Route Traffic Through a Virtual WAN Hub

This guide explains how to configure routing in Azure Virtual WAN to control the flow of traffic through your Virtual WAN hub. This is essential for implementing security policies, managing connectivity between spokes, and optimizing traffic for different workloads.

Objective: To understand and implement traffic routing policies within an Azure Virtual WAN hub.

This article covers scenarios such as routing internet-bound traffic through a firewall, routing traffic between VNets, and managing connectivity to on-premises networks.

Understanding Virtual WAN Hub Routing

The Virtual WAN hub acts as a central transit point for your network. Routing is managed using route tables. Each connection (VNet, VPN, ExpressRoute) is associated with a route table. The hub propagates routes to these route tables, enabling control over traffic flow.

Key Concepts:

Hub Route Table: The default route table for the hub. Routes learned from connected resources are propagated here.
VNet Route Table: Associated with a specific VNet connection. Routes from the hub and other connected resources can be propagated to this table.
Propagating Routes: The process by which routes are shared between the hub and connected resources.
Learned Routes: Routes that a connection (like a VNet) learns from the hub.
Static Routes: Manually configured routes within the hub for specific destinations.

Scenarios and Configuration

Scenario 1: Routing Internet Traffic Through a Firewall

To inspect internet-bound traffic, you can route it through a Network Virtual Appliance (NVA) like Azure Firewall deployed in the hub or a dedicated spoke VNet. This requires specific route table configurations.

Deploy and Configure Firewall

Deploy Azure Firewall or a third-party NVA in a dedicated spoke VNet connected to your Virtual WAN hub.

Configure firewall rules to allow or deny specific traffic.

Configure Hub Routing

In the Virtual WAN hub, associate the NVA spoke with the hub's default route table (or a custom route table).

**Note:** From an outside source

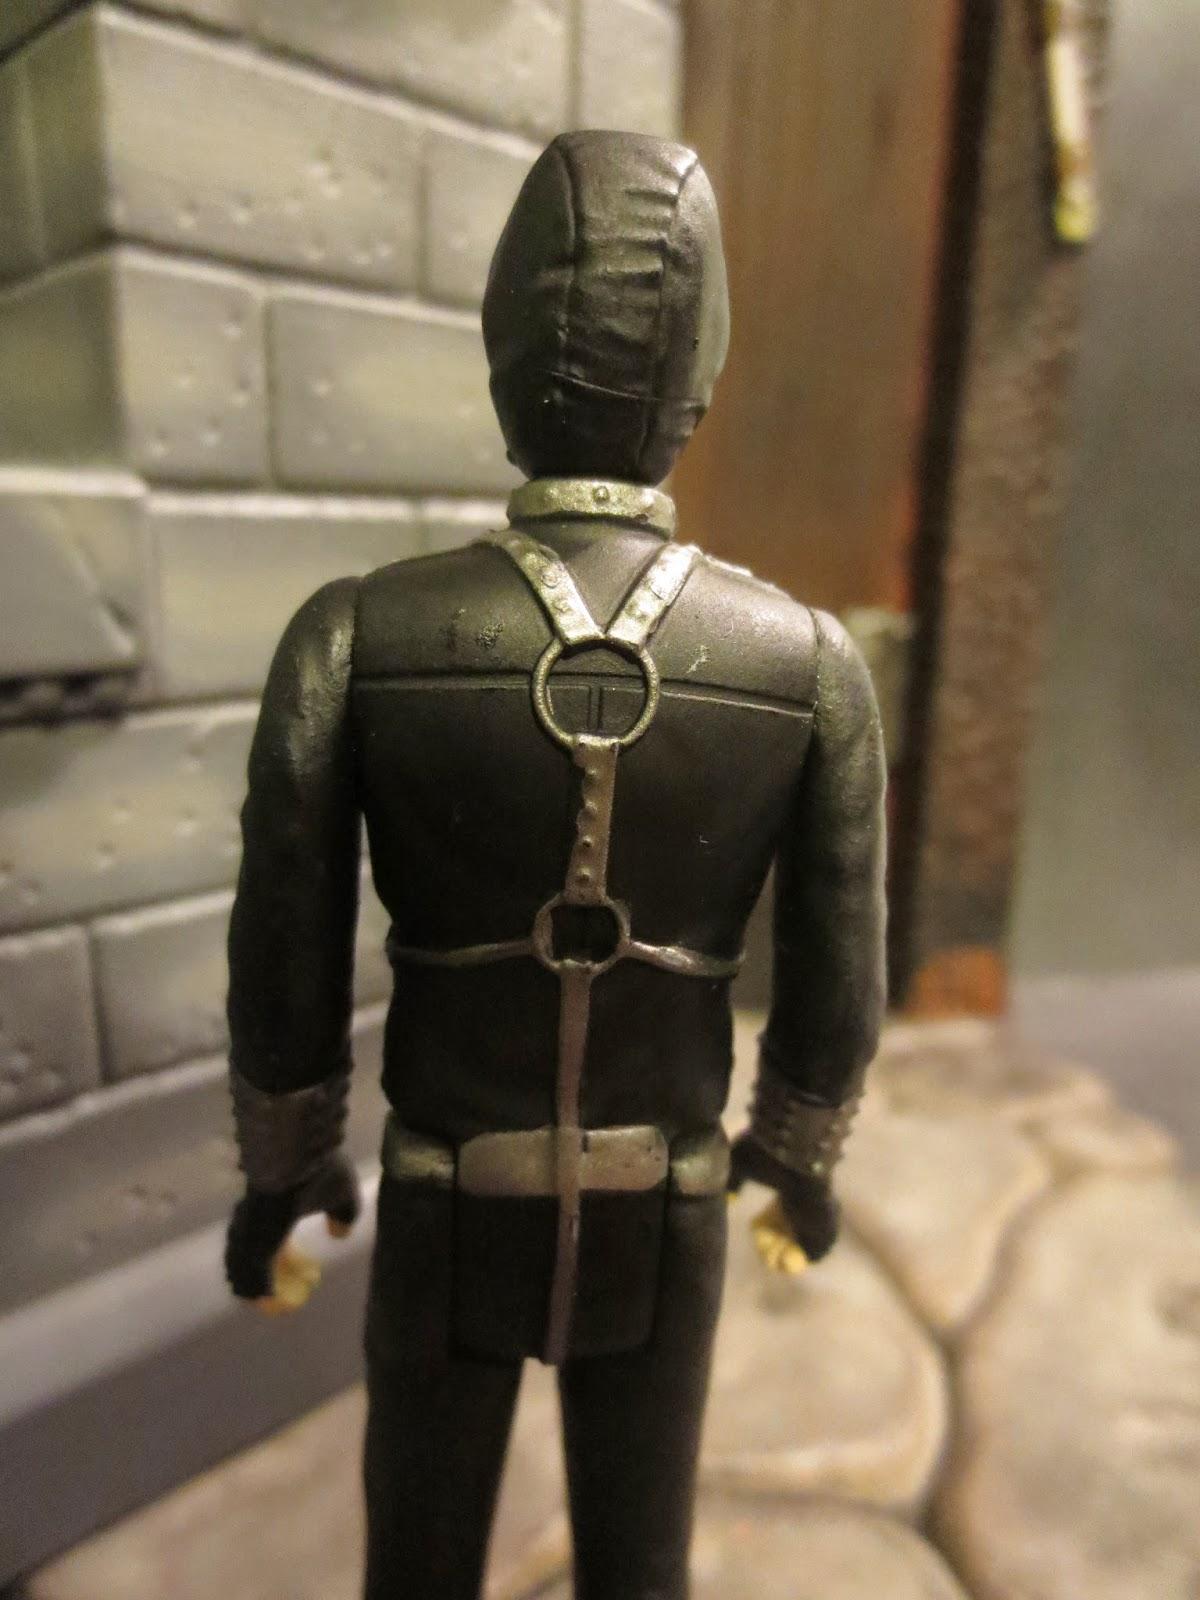 pics Gimp suit bondage

On the NVA spoke connection, configure route propagation to the hub's route table and enable association with the hub's default route table.

Create a Static Route for Internet Traffic

In the Virtual WAN hub, create a static route:

Destination Type: VirtualNetworkSite (for on-premises) or None (for Internet, if not using a specific service tag).
Destination Prefix: 0.0.0.0/0 (for internet-bound traffic).
Next Hop: The IP address of your firewall instance in the NVA spoke.

This static route overrides any other routes for 0.0.0.0/0 and directs internet traffic to your firewall.

Example Azure CLI command to add a static route (conceptual):


                az network vpn-gateway nat rule create --gateway-name  --resource-group  --name  --type Static --ip-address  --destination-prefix 0.0.0.0/0

Note: The actual command for static routes in Virtual WAN hub routing is configured via the Azure portal or PowerShell/ARM templates.

Scenario 2: Routing Between Spoke VNets

By default, Virtual WAN allows transit routing between connected VNets. This means a VNet can communicate with another VNet as long as both are connected to the same hub.

Connect VNets to the Hub

Ensure all spoke VNets are connected to the Virtual WAN hub.

Verify Route Propagation

When a VNet is connected, its address space is advertised to the hub.

The hub then propagates these routes to all other connected VNets.

To see learned routes for a VNet, navigate to its connection settings in the Virtual WAN hub and check "Effective Routes".

Default Behavior: All connected VNets can communicate with each other by default, assuming no Network Security Groups (NSGs) or Azure Firewall rules are blocking traffic.

Scenario 3: Custom Routing with Route Maps

For more granular control, you can use route maps associated with connections to influence how routes are propagated and learned.

Route maps allow you to modify attributes of routes (like AS path, community tags) or conditionally advertise/withdraw routes.

This is an advanced topic often used with BGP for on-premises or complex hub-to-hub routing.

Managing Routes in the Azure Portal

You can manage hub routing directly from the Azure portal:

Navigate to your Virtual WAN resource.
Select the specific hub you want to configure.
Under "Connectivity," choose "Route tables".
Here you can view:
- Labels: The route table names (e.g., Default, None).
- Connections: View connections associated with each route table.
- Routes: See the routes that are propagated to and learned by the hub.
To configure static routes, select the relevant route table and click "Add static route".
To configure route propagation and association for a specific connection (VNet, VPN, etc.), navigate to "Virtual network connections" or "VPN sites" / "ExpressRoute circuits", select the connection, and configure "Route Tables" settings.

Tip: Always review the "Effective Routes" for a connection to understand exactly which routes are being learned and used by that resource.